House Bill 4434 as enrolled
Public Act 72 of 2005
Sponsor: Rep. Scott Hummel
Senate Bill 352 as enrolled
Public Act 73 of 2005
Sponsor: Sen. Bill Hardiman
House Committee: Health Policy
Senate Committee: Health Policy
Second Analysis (8-25-06)
BRIEF SUMMARY: Together, the bills would enable pharmacies located in Michigan to sell, distribute, and deliver prescription drugs when the prescription is received by mail and allow pharmacies to perform centralized prescription processing services or outsource such services to other pharmacies.
FISCAL IMPACT: Enforcement of the provisions of these bills will be the responsibility of the Department of Community Health's Bureau of Health Professions, thus the bills may have a fiscal impact on the operations of the Bureau. The bills' fiscal impact on the State of Michigan as a payor of health services for Medicaid participants and for employees is not known. The bills will increase access to providers for mail-order pharmaceuticals and increase competition for business which may lead to cost savings for pharmaceutical services paid for by the State.
THE APPARENT PROBLEM:
For decades, the Public Health Code has authorized administrative sanctions against Michigan-based pharmacists who use the mail to sell, distribute, or deliver prescriptions when that prescription is received by mail. Until recently, this prohibition has not been much of an obstacle and community pharmacies have flourished throughout the state. However, driven by ever-increasing health care costs, many employer-sponsored and individual health care plans either require or offer financial incentives to their insureds to utilize pharmacy services via mail-order companies.

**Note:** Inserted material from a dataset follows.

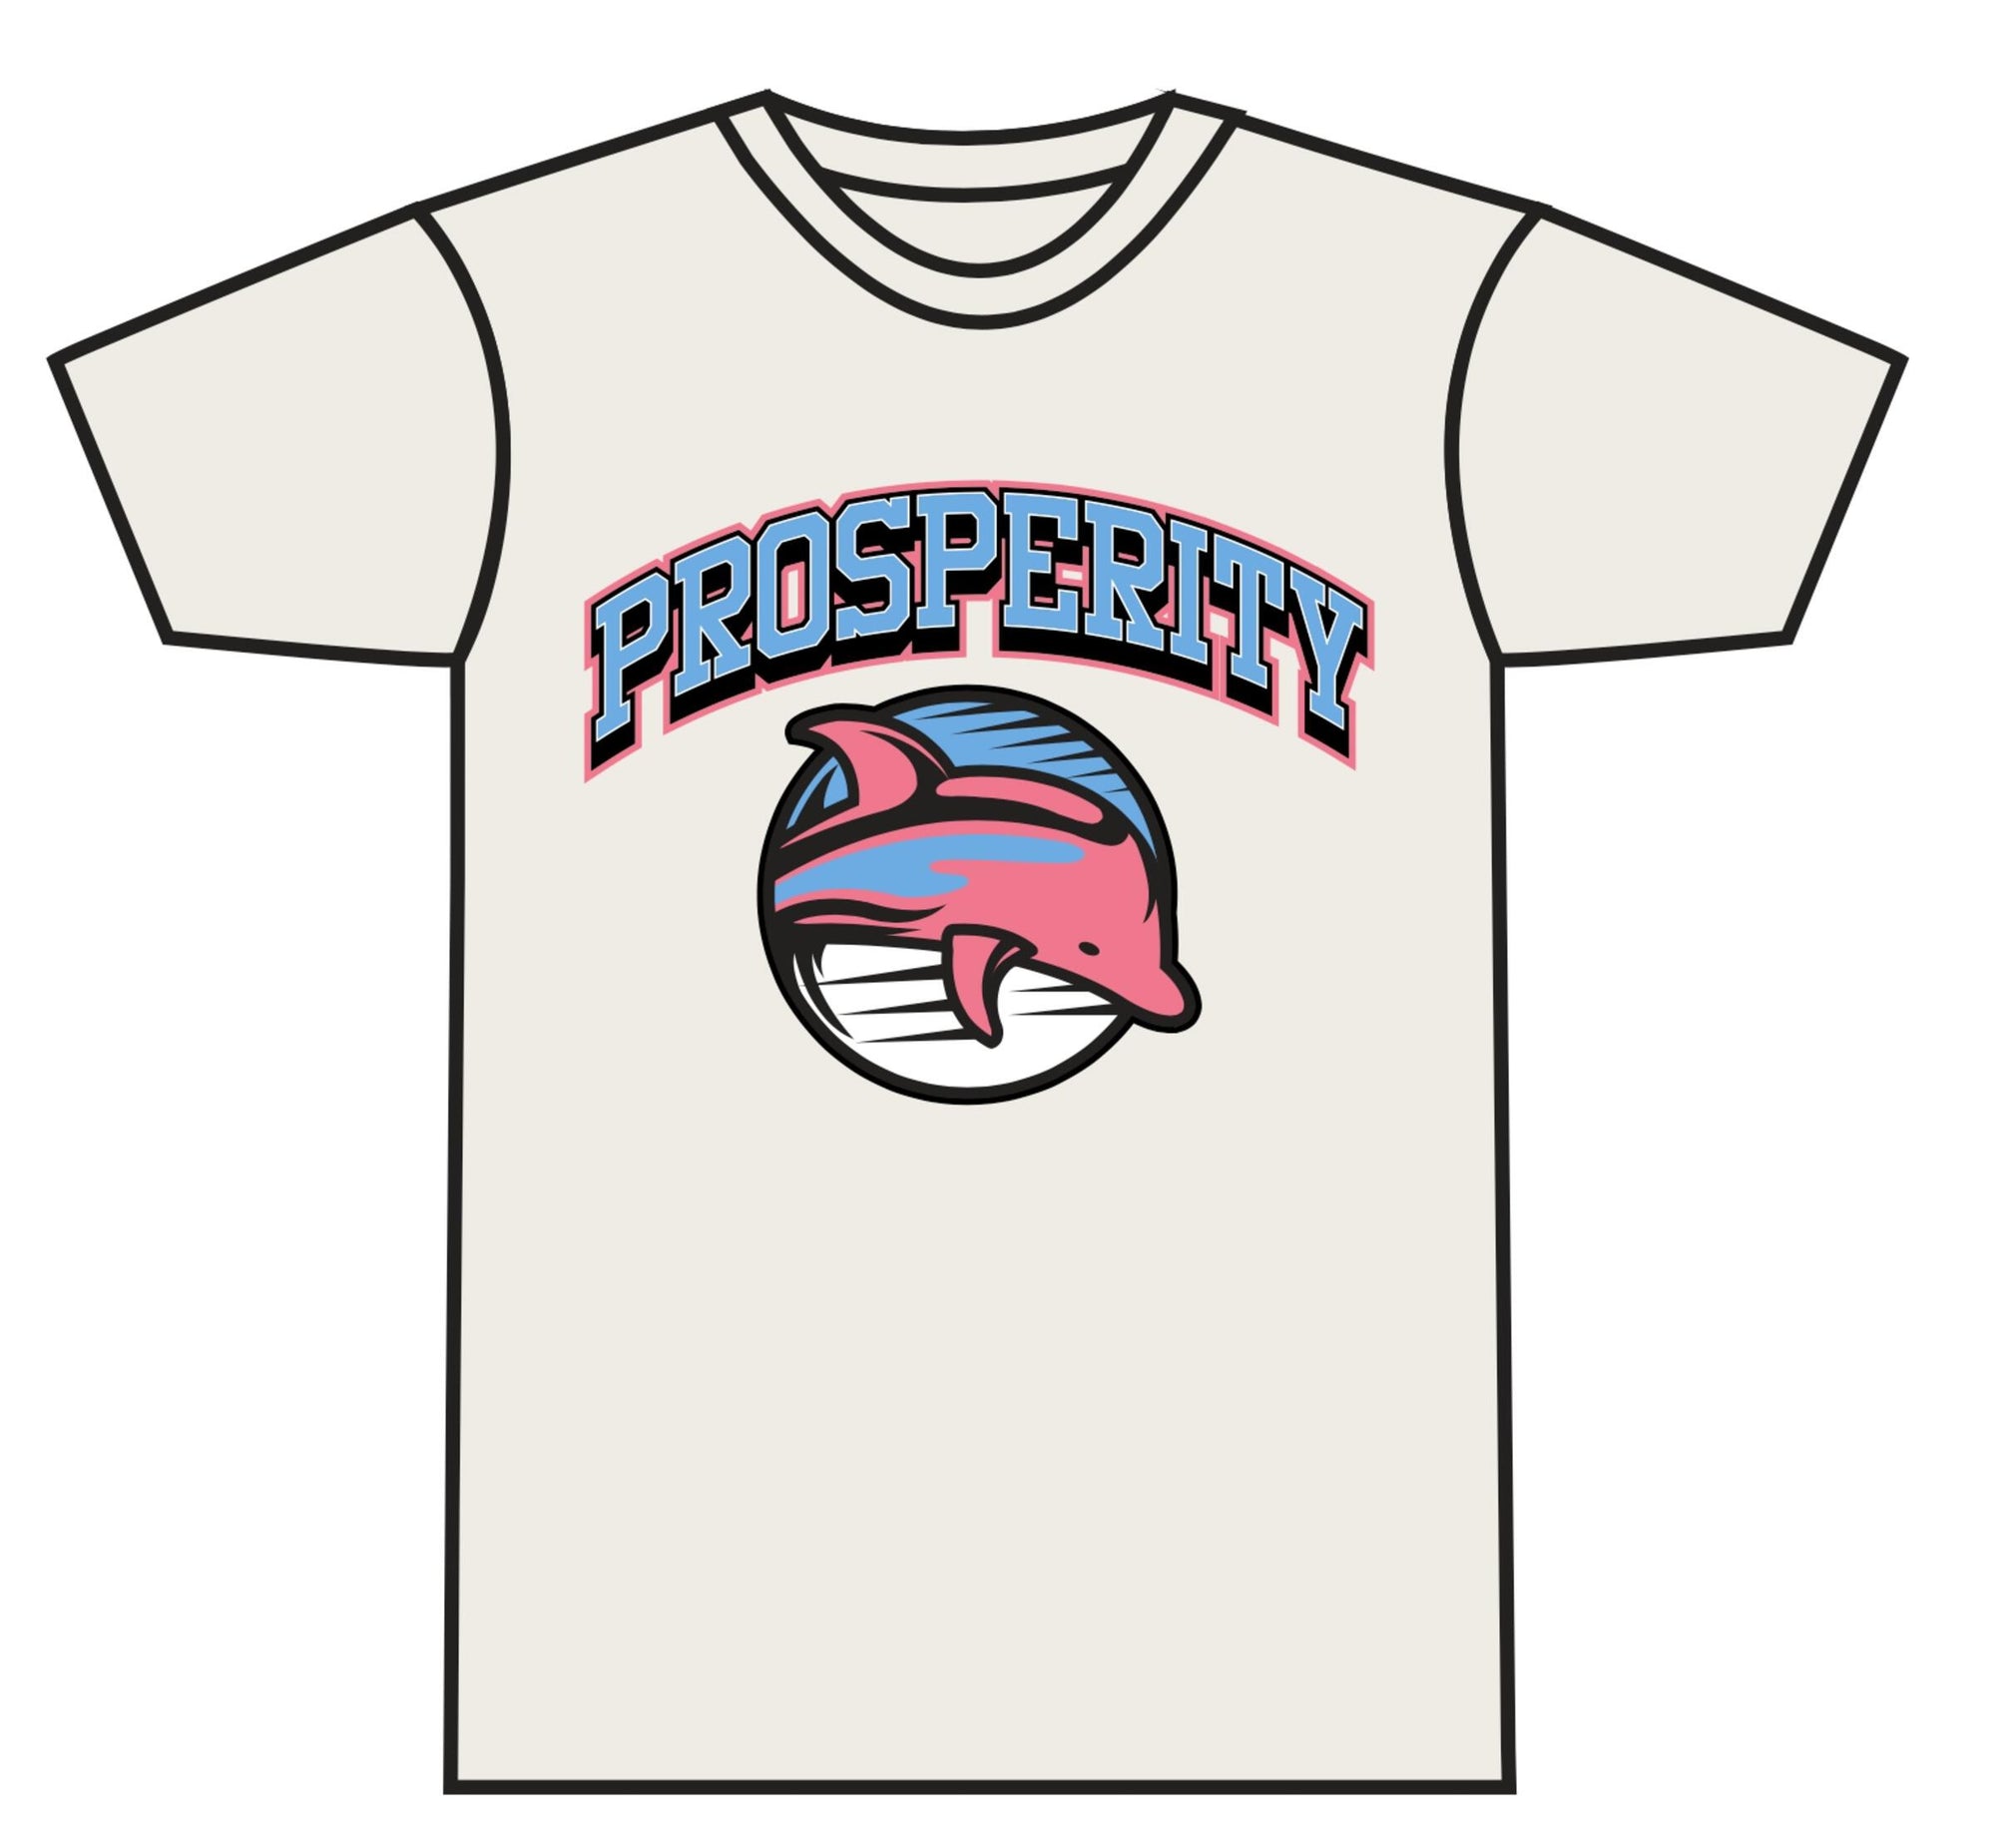 Prosperity Tee by Pink Dolphin - FLY GUYZ

Since the health code bans this practice for in-state pharmacies, mail-order contracts go to pharmacists domiciled in other states. For example, since the beginning of the 2004-2005 fiscal year, mail-order pharmacies have been able to contract with the state to provide prescription drugs for the Medicaid program.
The result has been that, due to loss of business, hundreds of community pharmacies have either laid off pharmacists or closed their doors over the last several years. According to information supplied by the Michigan Pharmacists Association, at least 104 pharmacies did not seek license renewal between late 2003 and the end of 2004. Yet, many believe that with newer technologies that increase dispensing efficiency, community pharmacies could compete with out-of-state mail order drug companies if allowed. Many would like to see the law amended so that Michigan companies could bid for and be awarded mail-order contracts, as well as serve individual consumers who rely on receiving medications through the mail.
In a related matter, many believe the state should allow central fill processing. "Central fill" refers to the process by which one retail pharmacy receives a prescription from a consumer (or his or her physician) but a second pharmacy prepares and delivers the prescription drug to the first pharmacy for delivery to the patient. Typically, central fill activities are done by pharmacies that have a contractual arrangement for one pharmacy to prepare the prescriptions for another pharmacy or by pharmacies that share a common owner. Central fill processing utilizes technology that automates the process and so enables a greater volume of prescriptions to be filled. Used by many chain drugstores, central fill services are changing the way the industry operates. In addition, small, independent pharmacies can increase the volume of prescriptions they can handle by contracting with central fill pharmacies. Industry members note that central fill pharmacies reduce the time that pharmacists in retail settings must spend in intensive, administrative tasks, thus providing more time for those pharmacists to spend on patient care. Central fill processing also is believed to reduce the potential for dispensing errors and so improves patient safety.
For these and other reasons, at least 33 states have passed legislation to allow central fill processing. Michigan, however, currently has no mechanism in law to allow such activities. Legislation is needed to establish a framework for central fill pharmacies.
THE CONTENT OF THE BILLS:
Together, the bills would enable pharmacies located in Michigan to sell, distribute, and deliver prescription drugs when the prescription is received by mail and allow pharmacies to perform centralized prescription processing services or outsource such services to other pharmacies. House Bill 4434 and Senate Bill 352 are tie-barred to each other.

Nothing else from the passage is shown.